Жемих окончил медицинский курс в том же году, что и Стефан. Начиная обучение, определил себе программы минимум и максимум. Программа-минимум звучала так: получить диплом и не умереть с голоду. Он не ходил в кино, не читал никаких книг, кроме учебных, экономил на хлебе, на сигаретах, даже на дружбе. Женщин обходил издалека. Приступал к очередному экзамену как к схватке с врагом: зубрил, вбивал знания в голову, впитывал всю латинскую ученость, как одержимый носился с лекции на лекцию, делал в городе уколы, сам читал лекции, а по ночам с полотенцем на голове клевал носом над конспектами. Выжимал из собственного тела что только мог, исхудал, у него торчал кадык, зубы испортились, донимали чирьи, стал плохо видеть, но все – в том числе и лечение – он откладывал на потом. Получив диплом и поступив на работу в клинику, сразу же приступил к реализации жизненных планов. Поправлялся из месяца в месяц. Дряблая кожа на лице расправилась, его можно было увидеть в изысканных кафе, как он одиноко сидит над грудой пирожных и мизинцем отправляет в рот осыпавшиеся крошки глазури. Он приобретал себе костюм за костюмом, состоятельность пациентов оценивал по их новому радиоприемнику, тахте, столовым приборам, а недавно выплатил задаток за золотые «шаффхаузен» [169] и теперь ожидал найти какую-нибудь богатую пациентку. И совершенно не скрывал этого. Если другие при встрече спрашивали о здоровье, то он говорил: «Ну и какая там практика?» – и сразу же начинал рассказывать, что сам делал в последнее время. «Этот косит!» – говорили врачи. Во время профессорских визитов в палаты Жемих шел в двух шагах за Чумой Пшеменецким, вытягивая шею, чтобы лучше слышать его слова; словно имея глаза на затылке, отскакивал в сторону, чтобы не толкнуть случайно Тшесновского, обменивался с гигантским доцентом репликами, улыбаясь и показывая темные зубы, на которых уже блестели золотые коронки.
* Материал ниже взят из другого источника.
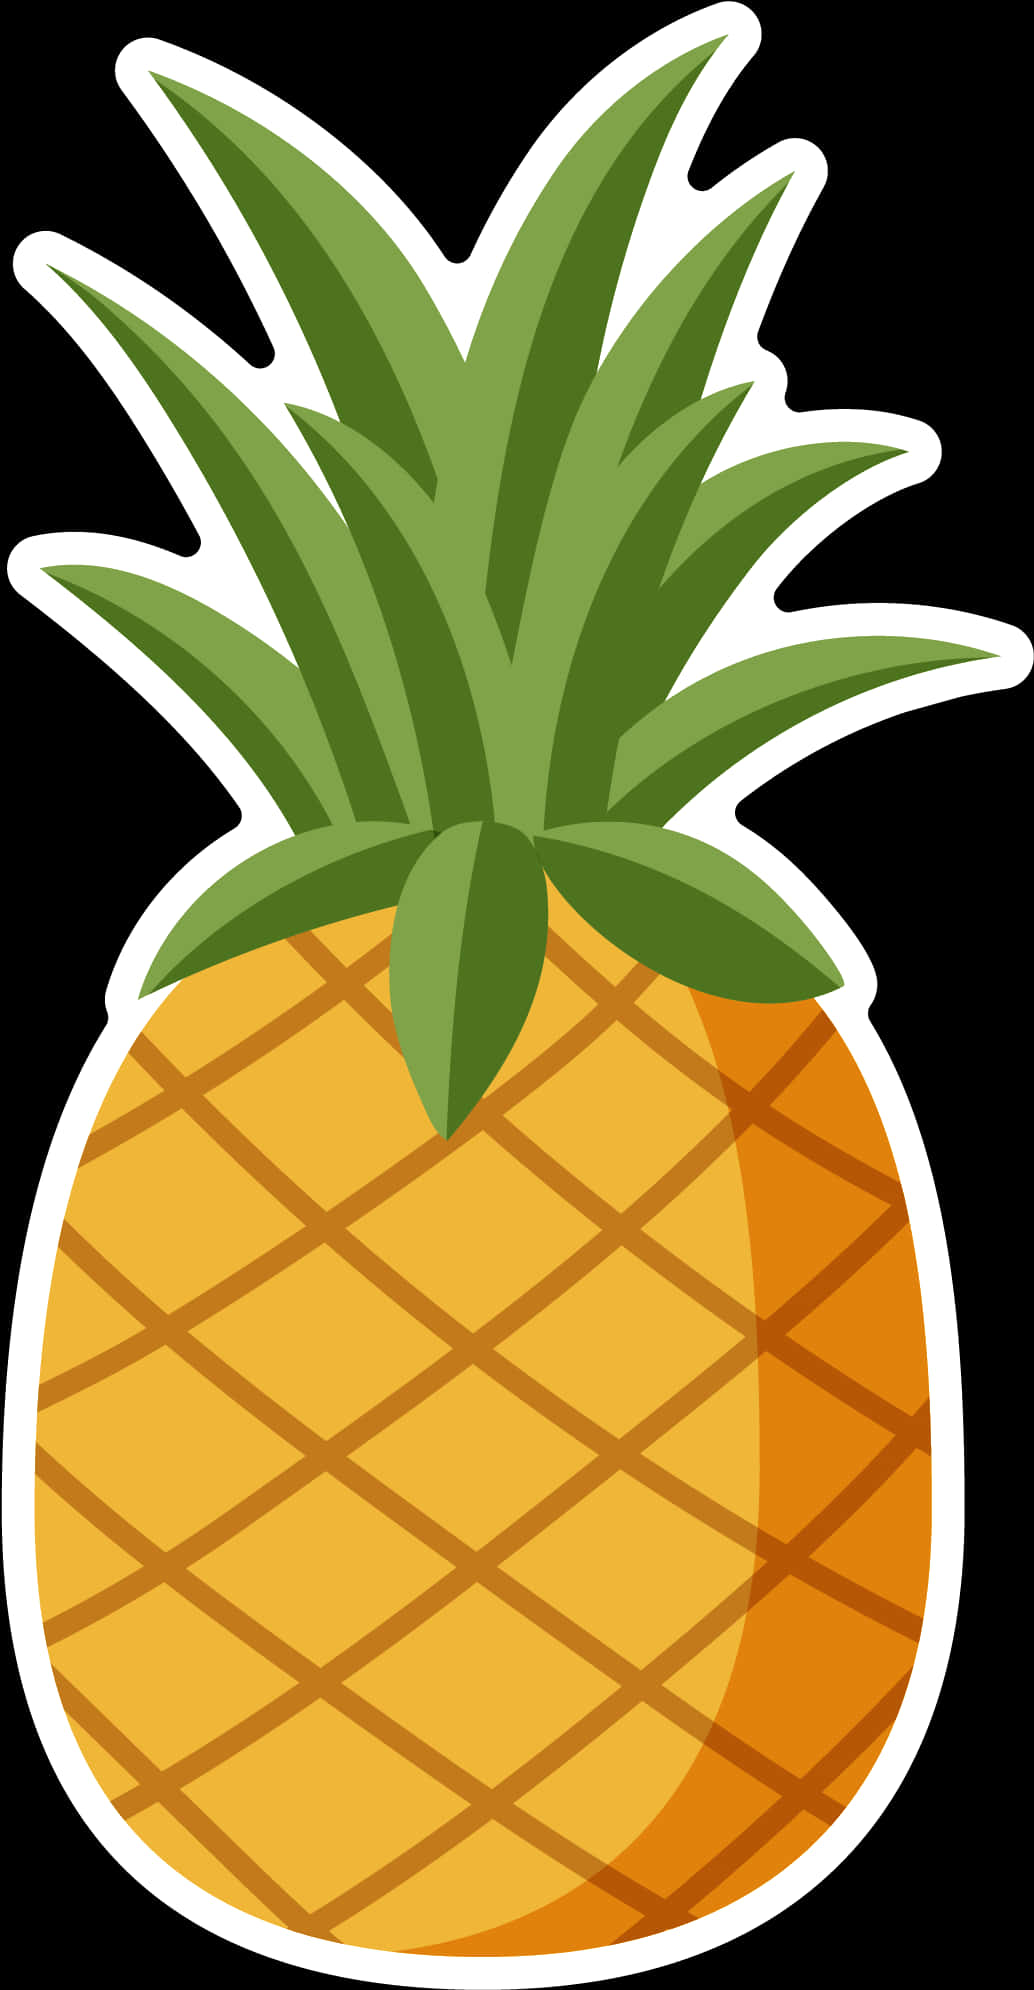 Cartoon Pineapple Graphic PNG

У Тшесновского, бледного, потного, с носом Цезаря над синими губами, были огромные волосатые руки, которых боялись женщины. Жемиха он считал ступенькой, на которую можно встать, а Стефана вообще не замечал.
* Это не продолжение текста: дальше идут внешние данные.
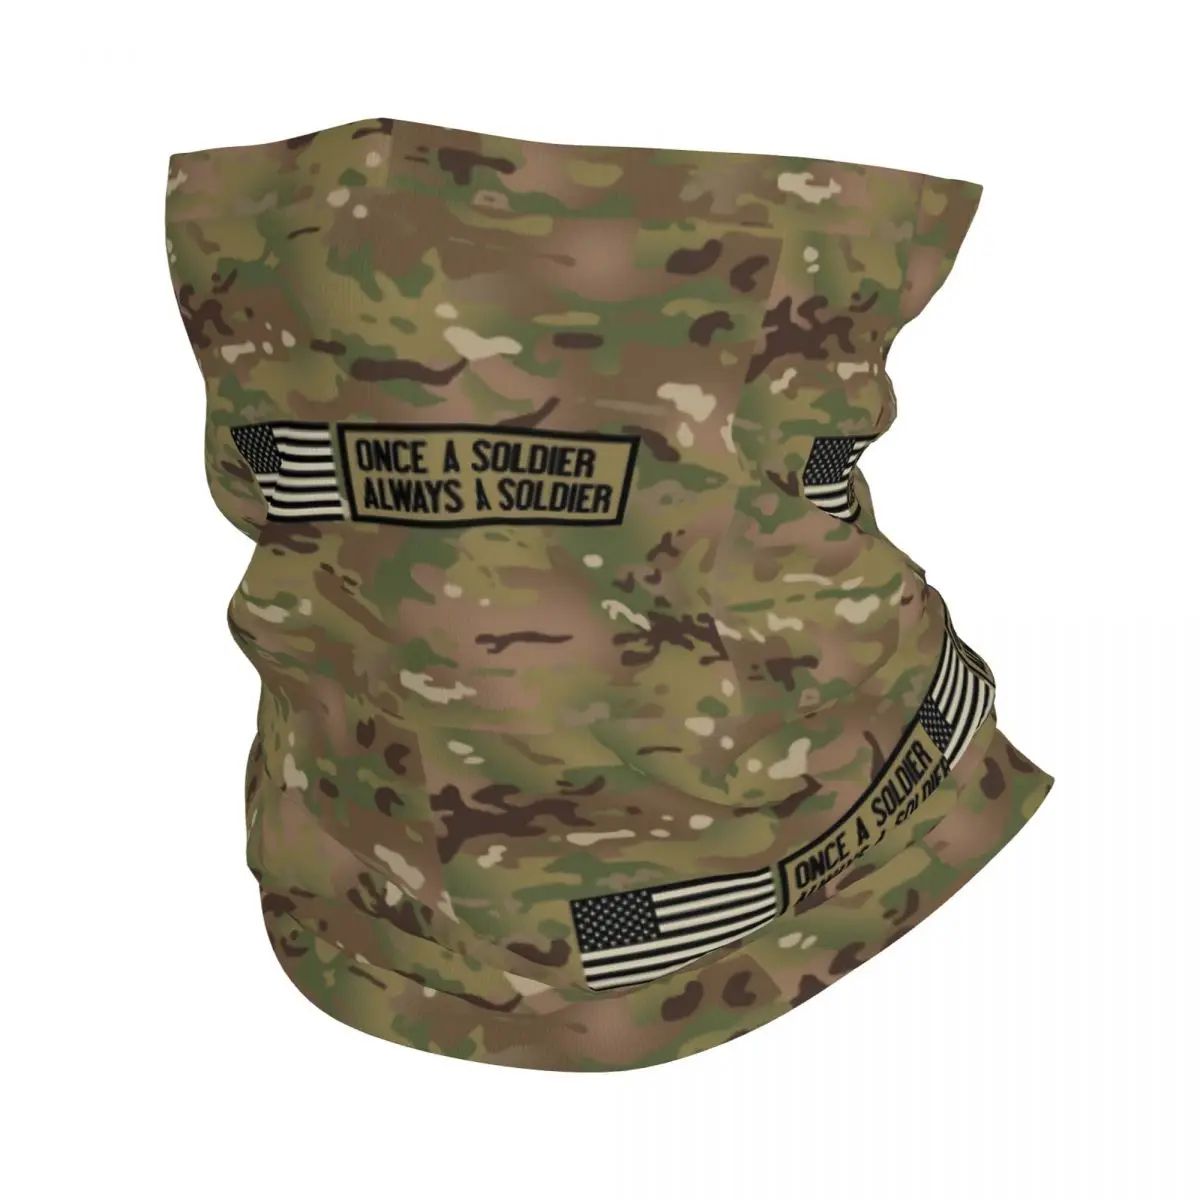 

Camouflage Once A Soldier Always A Soldier Camo Bandana Neck Cover Balaclavas Mask Scarf Cycling Sports for Men Women Windproof

Несмотря на голод, Стефан не смог съесть третье яйцо и позвонил обслуживающей санитарке, а когда она не пришла, направился по темному коридору в сторону кухни. Маленькая комнатка была пуста. Налил себе воды в фаянсовую кружку, выпил и приподнял крышку кастрюли, стоявшей на газовой плите.
«Опять галушки на обед, – подумал он. – И работа собачья, и есть не дают».
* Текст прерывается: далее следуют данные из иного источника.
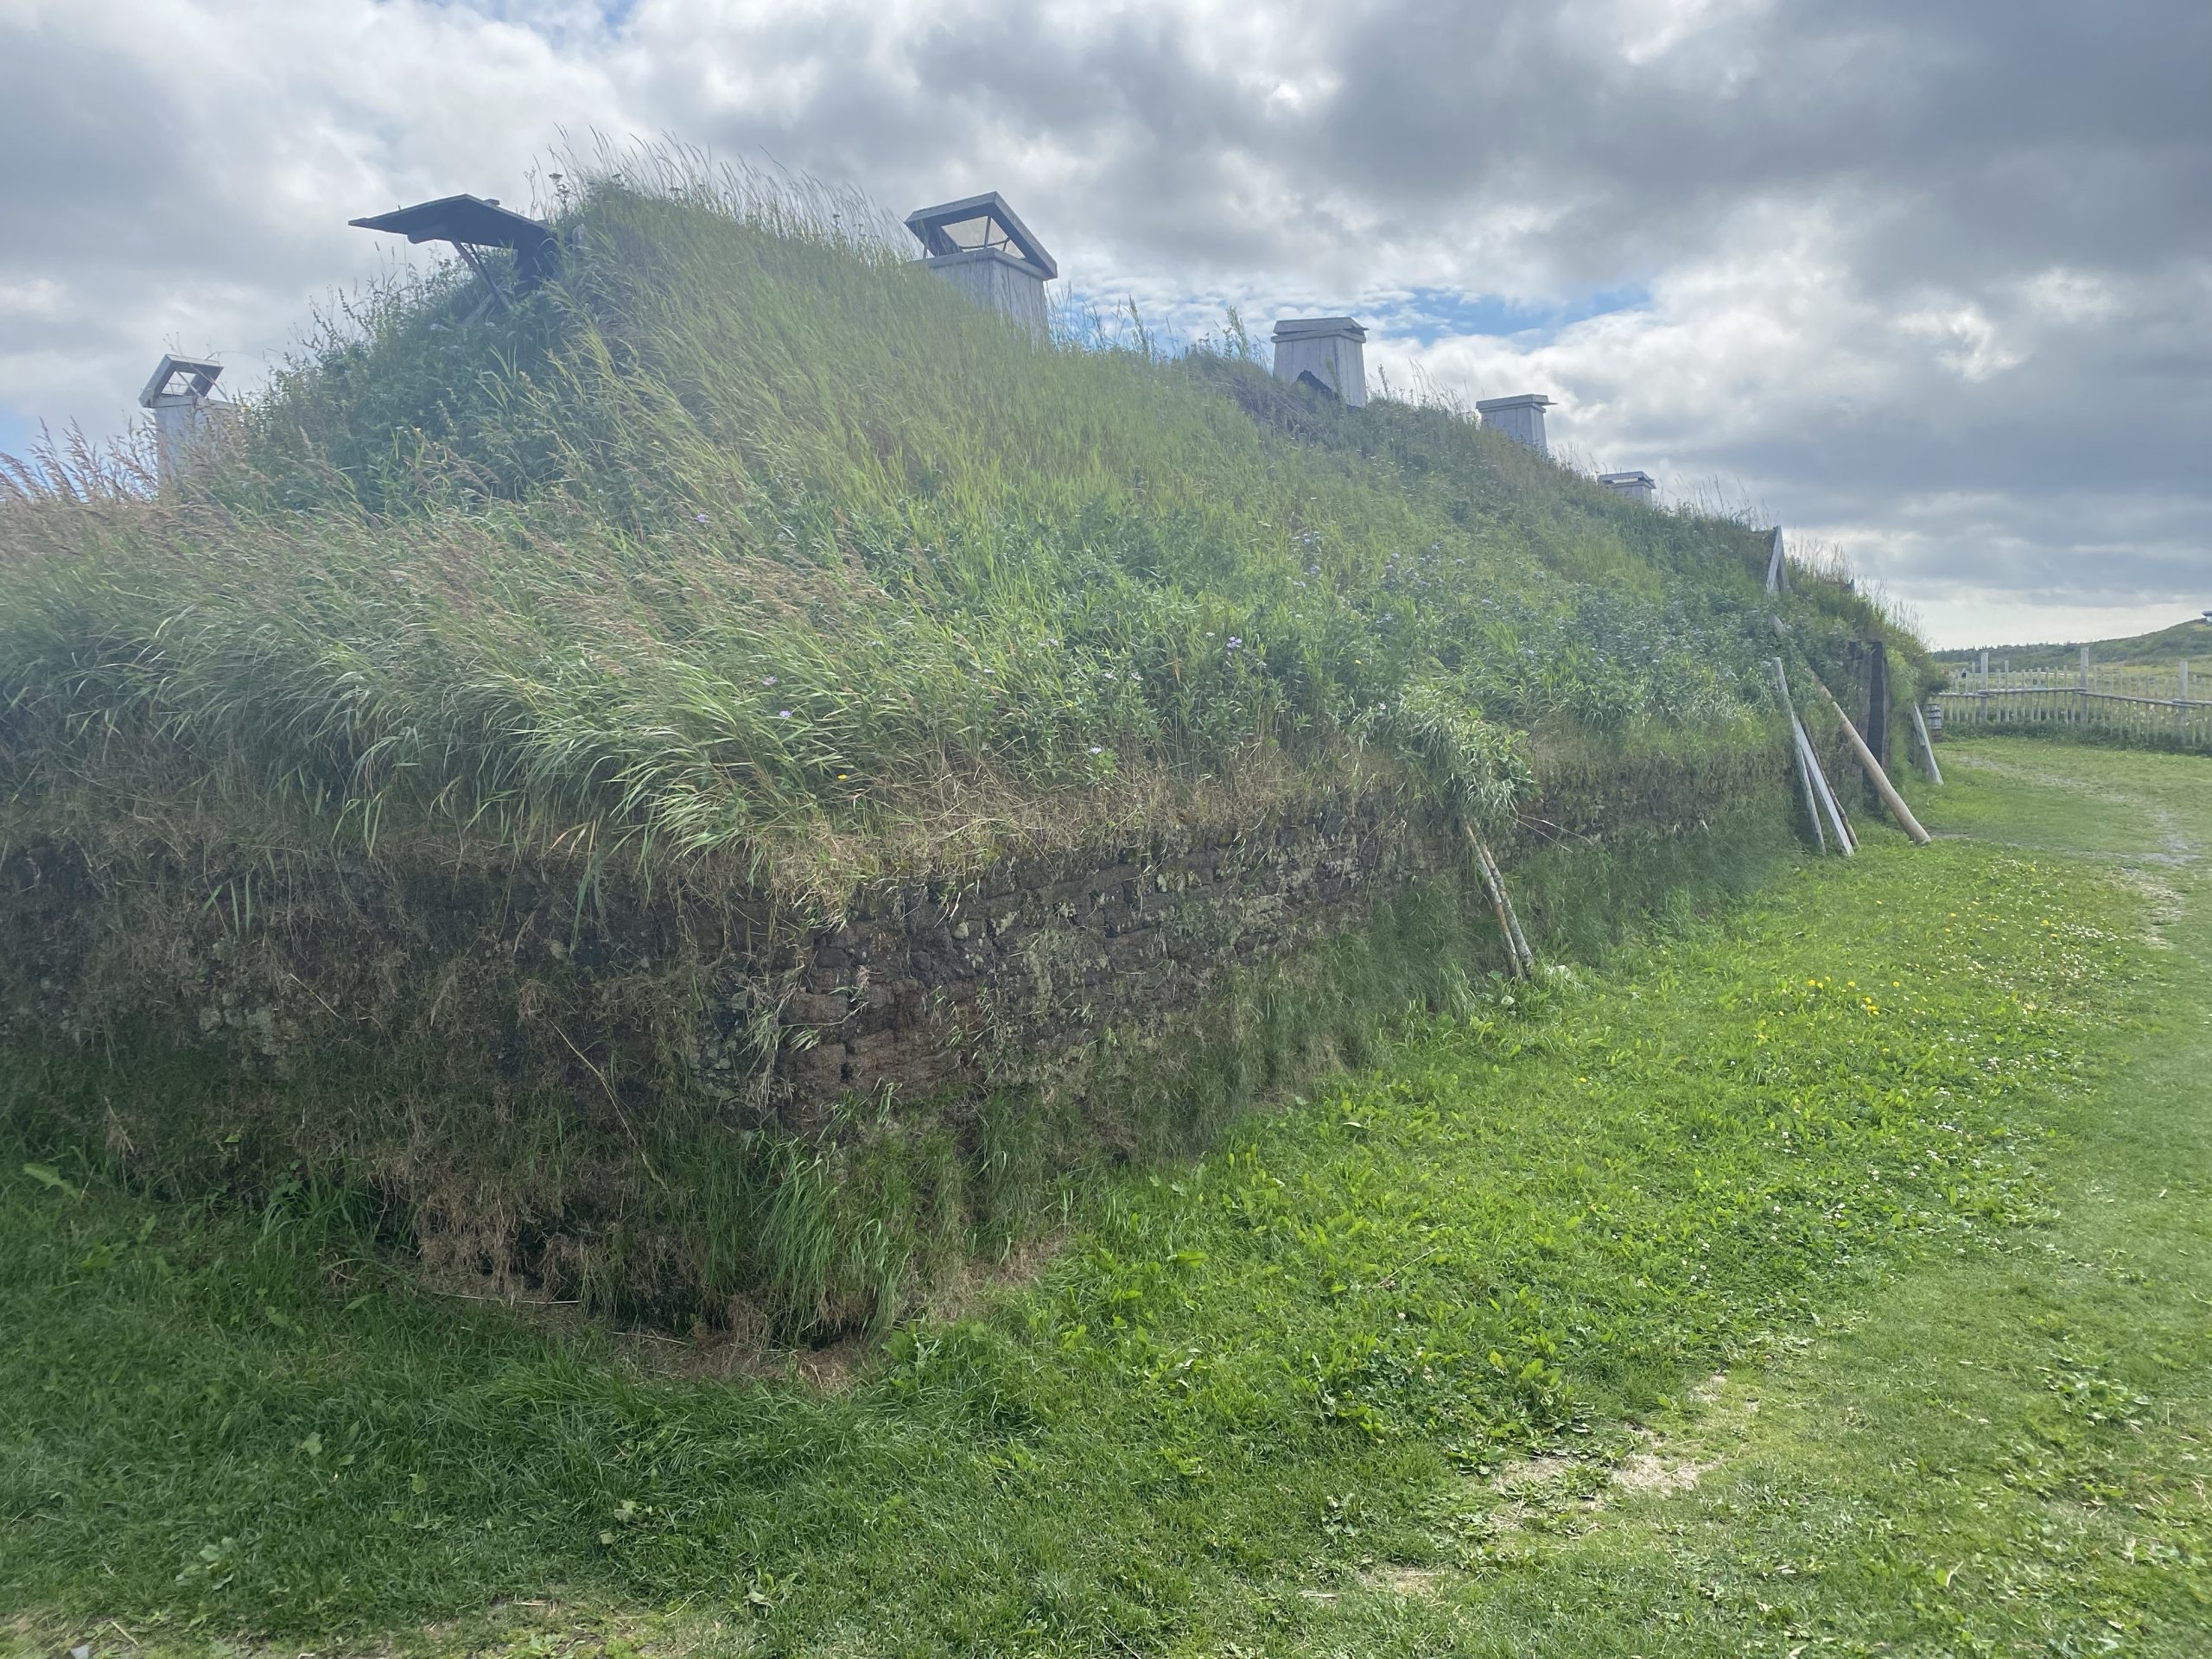 A side view of a re-creation of a 1,000 year old Norse sod house.

Он вернулся в столовую, отчетливо ощущая давление холодной воды в желудке.
«Никому бы не посоветовал такой диеты, – подумал он и усмехнулся. – И стоило пробиваться в клинику? Университетская – великое дело!»
Говорили, что уже приближается конец господства Чумы Пшеменецкого, а Стефан хотел еще поработать какое-то время с кем-либо из старой гвардии, одним из тех, после которых остаются мраморные бюсты в университетских аудиториях и золотом писанные мемориальные доски. К операционному столу Чуме уже приходилось подходить боком, потому что ему мешал живот, но голосом он еще по-прежнему властвовал над людьми. Его гулкий бас разливался в каскадах довольного гремящего смеха, когда он украшал лекцию своими пикантными историями. Хорошо известно было его потогонное воздействие на окружение во время операций. Мало того что он сам страшно потел во время процедуры, так еще и колкостями, топотом, бросанием инструментов и бранью он весь персонал доводил до седьмого пота. Добродушный в лекционном зале (описывая какой-нибудь исторический факт вроде родов княгини Х., обращался к стоявшей за ним старой акушерке: «Ведь так было, пани Рихтерова?»), в операционной он бурлил, кипел, ферментировал, а когда наконец снимал мокрую от пота маску, на его большое слюнявое лицо с трудом возвращалось довольство и выражение спокойствия. Единственной особой, которая его не боялась, была госпожа Ойчикова, безраздельно царствовавшая в главной операционной уже лет двадцать. Она обозначала берега гудящего профессорского гнева, который умело направляла туда, куда ей было выгодно. Какой-то молодой врач отважился выступить против нее, но расплатился за это скорой утратой места.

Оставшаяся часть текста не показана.